Wojtacha pisze: „Rozpadam się. Nie ma wyjazdów. Nie ma adrenaliny. Pustka. Zaczynam się zastanawiać, co sprawia, że tak bardzo ciągnie mnie tam, skąd wszyscy uciekają. Wiele razy rozmawiałam o tym z kolegami, ale nie doszliśmy do żadnych wniosków. Gdzie jest początek tej chorej fascynacji wojną? Chcemy opowiadać świat, pokazywać ból – to jest dobre. Ale jest też coś trudnego do nazwania. Coś, co każe się nam włóczyć po gruzach, kostnicach i szpitalach i znajdować w tym zawodowe spełnienie. Wielu z nas nosi w sobie drażniący niepokój, który pojawia się nie wiadomo kiedy i skąd. To chyba on każe nam jeździć. Może w tych ekstremalnych miejscach chcemy znaleźć siebie. Jakkolwiek banalnie to brzmi.” W tych słowach jest chyba wszystko, co definiuje dziennikarza na wojnie, cała esencja tej, z pewnością najtrudniejszej, dziedziny tego zawodu. Tego, co przyciąga, fascynuje, zmusza do działania na krawędzi, niejednokrotnie na granicy życia i śmierci. Po co to wszystko? Wojtacha odpowiada nadzwyczaj prosto – z ciekawości. Ciekawości tego, jak ludzie zachowują się w momentach skrajnych, czego są w stanie dokonać, a czego absolutnie nie zrobią postawieni pod murem. Cytując za Włodzimierzem Wysockim – „Interesuje ją człowiek w sytuacji ekstremalnej”.

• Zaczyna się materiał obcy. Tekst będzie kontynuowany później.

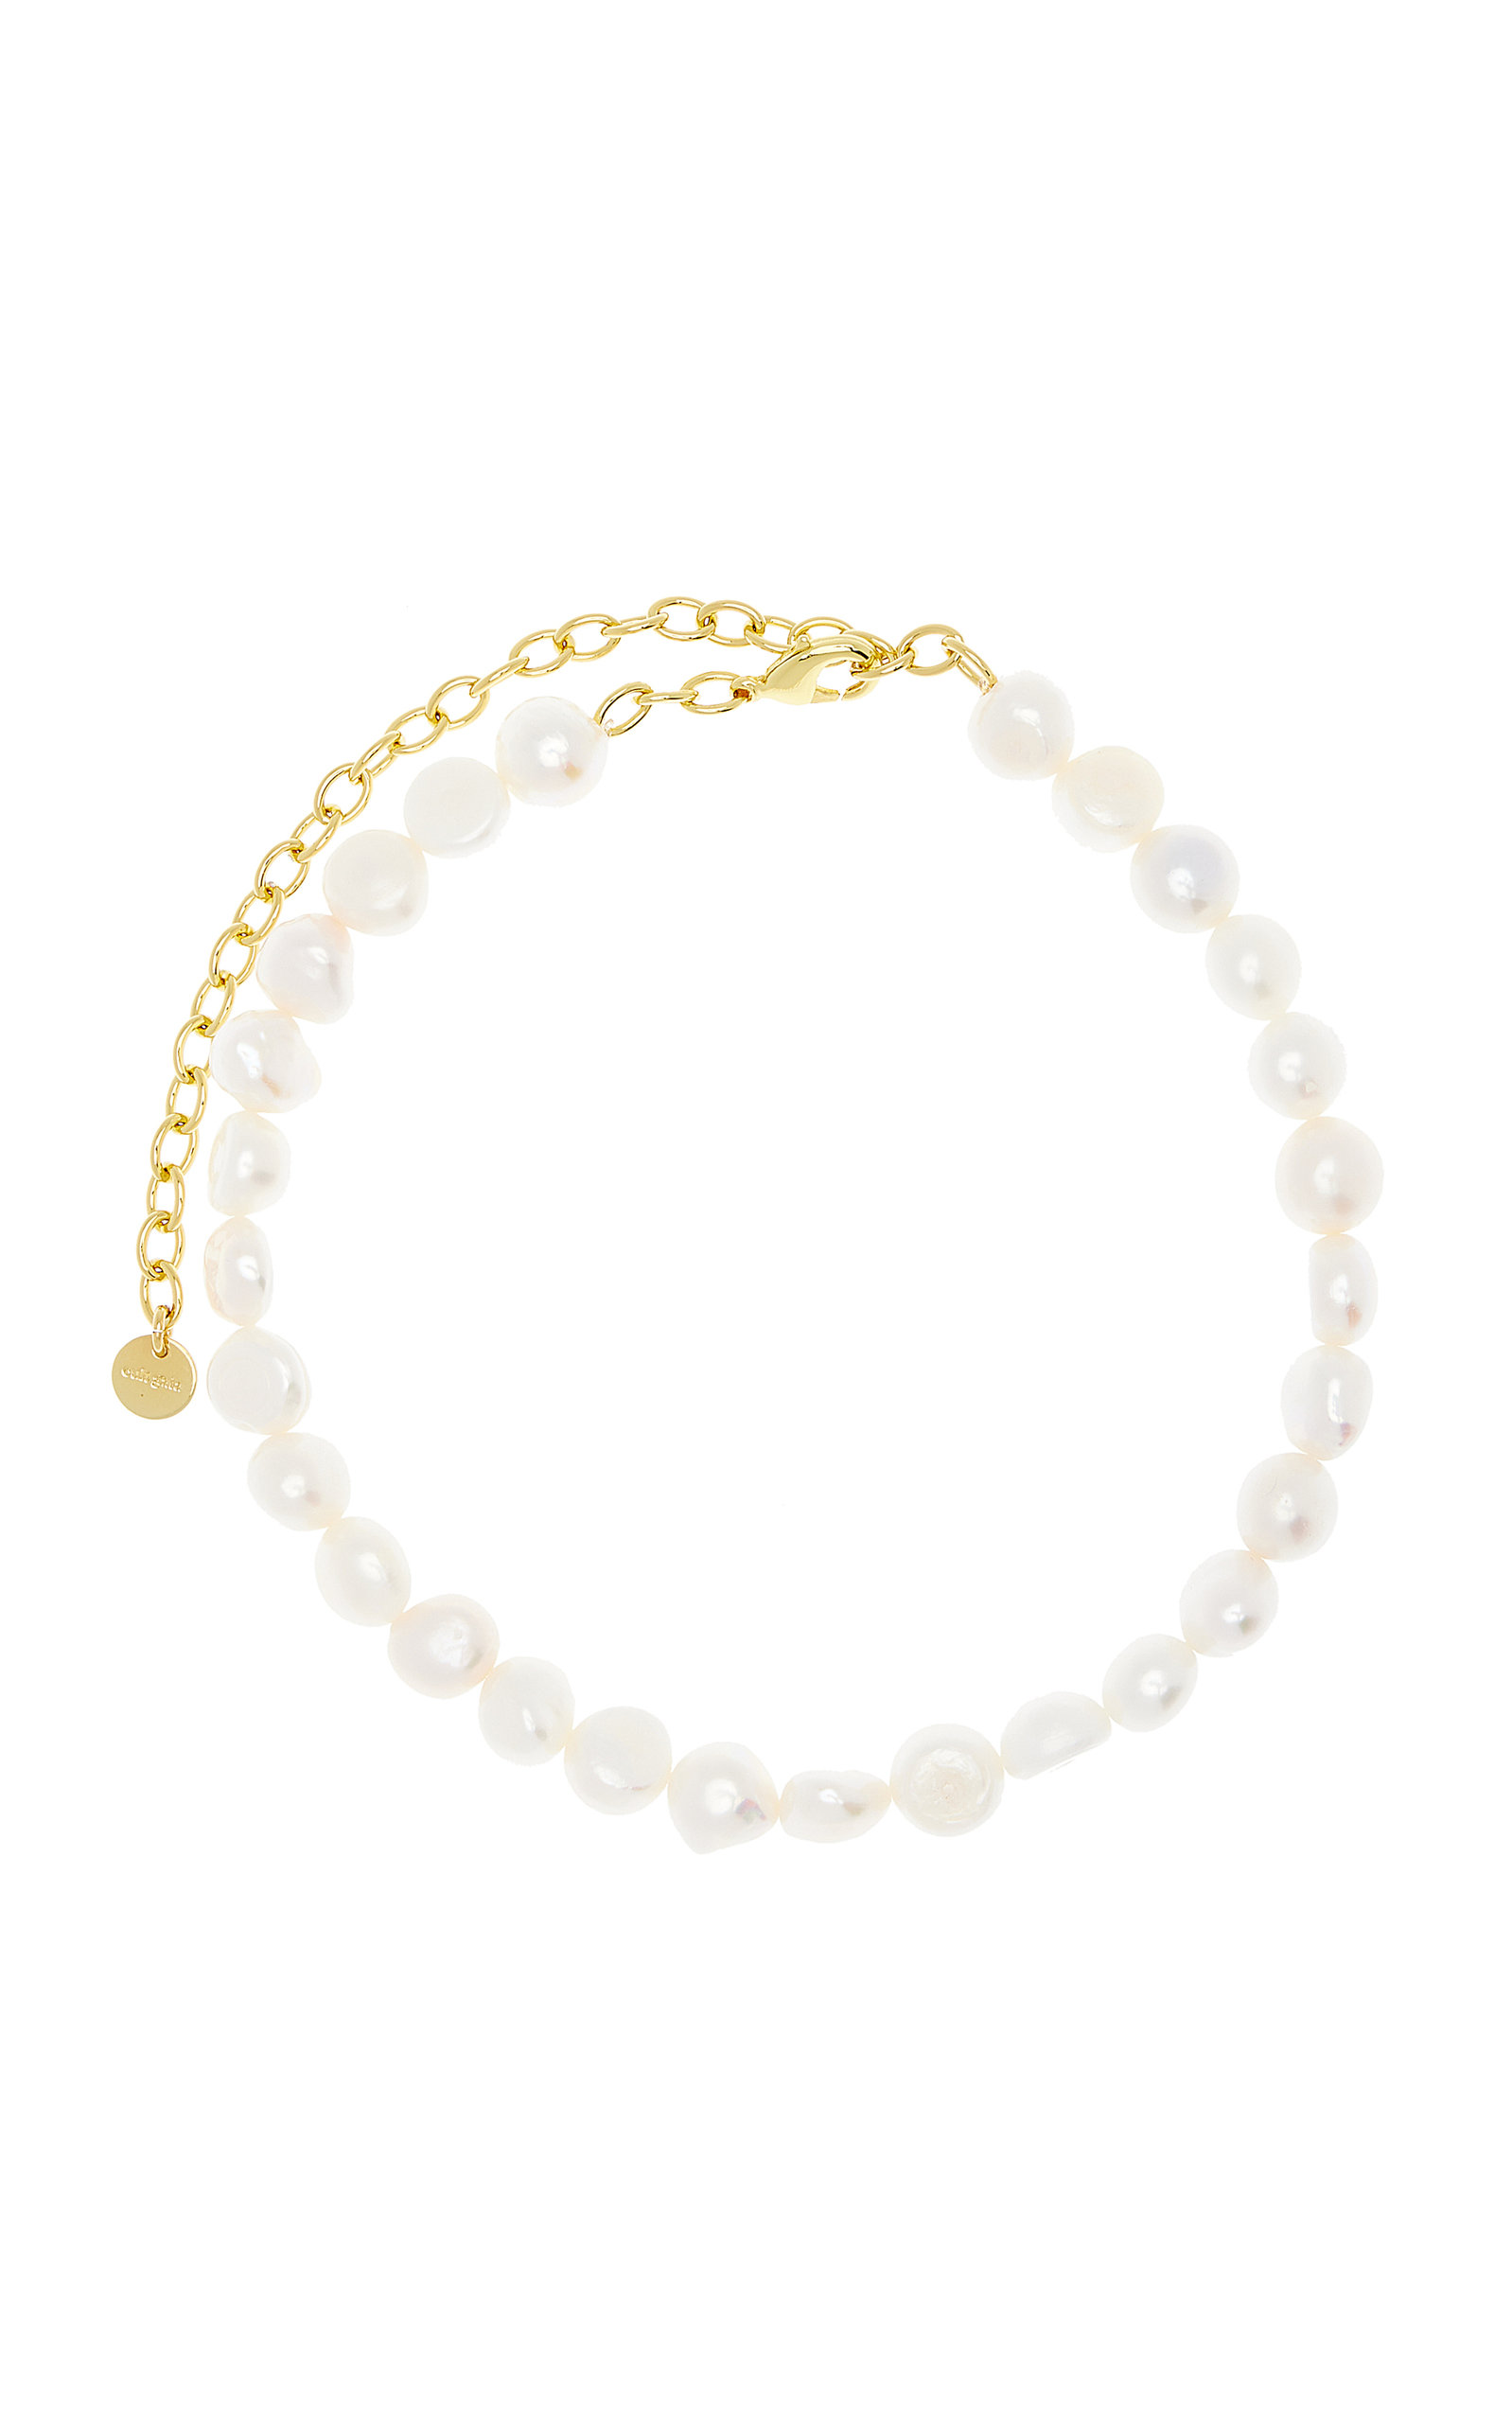 Cult Gaia - Women's Melody Pearl Choker Necklace - White - OS - Moda Operandi - Gifts For Her

Sama autorka nie raz była postawiona właśnie w takiej sytuacji. W okolicznościach, z których pozornie nie było już wyjścia. A jednak się udało. I udaje się nadal. Choć doskonale zdaje sobie sprawę, że pewnego dnia los może już nie być dla niej łaskawy. Osobiście znała Waldemara Milewicza czy Marie Colvin, którzy zginęli tragicznie podczas pracy.
„- Czyś Ty kompletnie zwariowała? – Spodziewałam się takiej rekacji. – Mowy nie ma! Przecież rozwalą Ci tam łeb! - Andrzej, przecież… - I wtedy go zobaczyłam. Ostatnie piętro, okno z wybitą szybą. Słońce odbija się lunecie karabinu snajperskiego. Robi mi się zimno. Jestem pewna, że nasze oczy się spotkały, że przez ułamki sekund patrzymy na siebie. Myśliwy i zwierzyna. Kat i ofiara. Biegnę szybko do samochodu. - Wiejemy stąd panowie. Gnamy w kierunku Osetii. Nie da się przecież przetłumaczyć reporterowi, że nie można, że niebezpiecznie. Kiedy jesteśmy kilkanaście kilometrów od granicy z Osetią , rozpoczyna się bombardowanie. Wyskakujemy z samochodu. Twarzą przywieram do ziemi. Drży […].”
A jednak pakuje się i jedzie. Wraca wszędzie tam, gdzie ludzie nieludzko mordują ludzi. Wszystko po to, by potem nadać krótką, dwu- trzyminutową relację na żywo. Po to, byśmy my, znieczuleni i obojętni na to co dzieje się za szklanym ekranem, siedząc wygodnie przed telewizorem i jedząc kolację CHOĆ RAZ mogli poczuć dławiącą kulę w gardle. Jak w „Piosence o Bośni” Josifa Brodskiego…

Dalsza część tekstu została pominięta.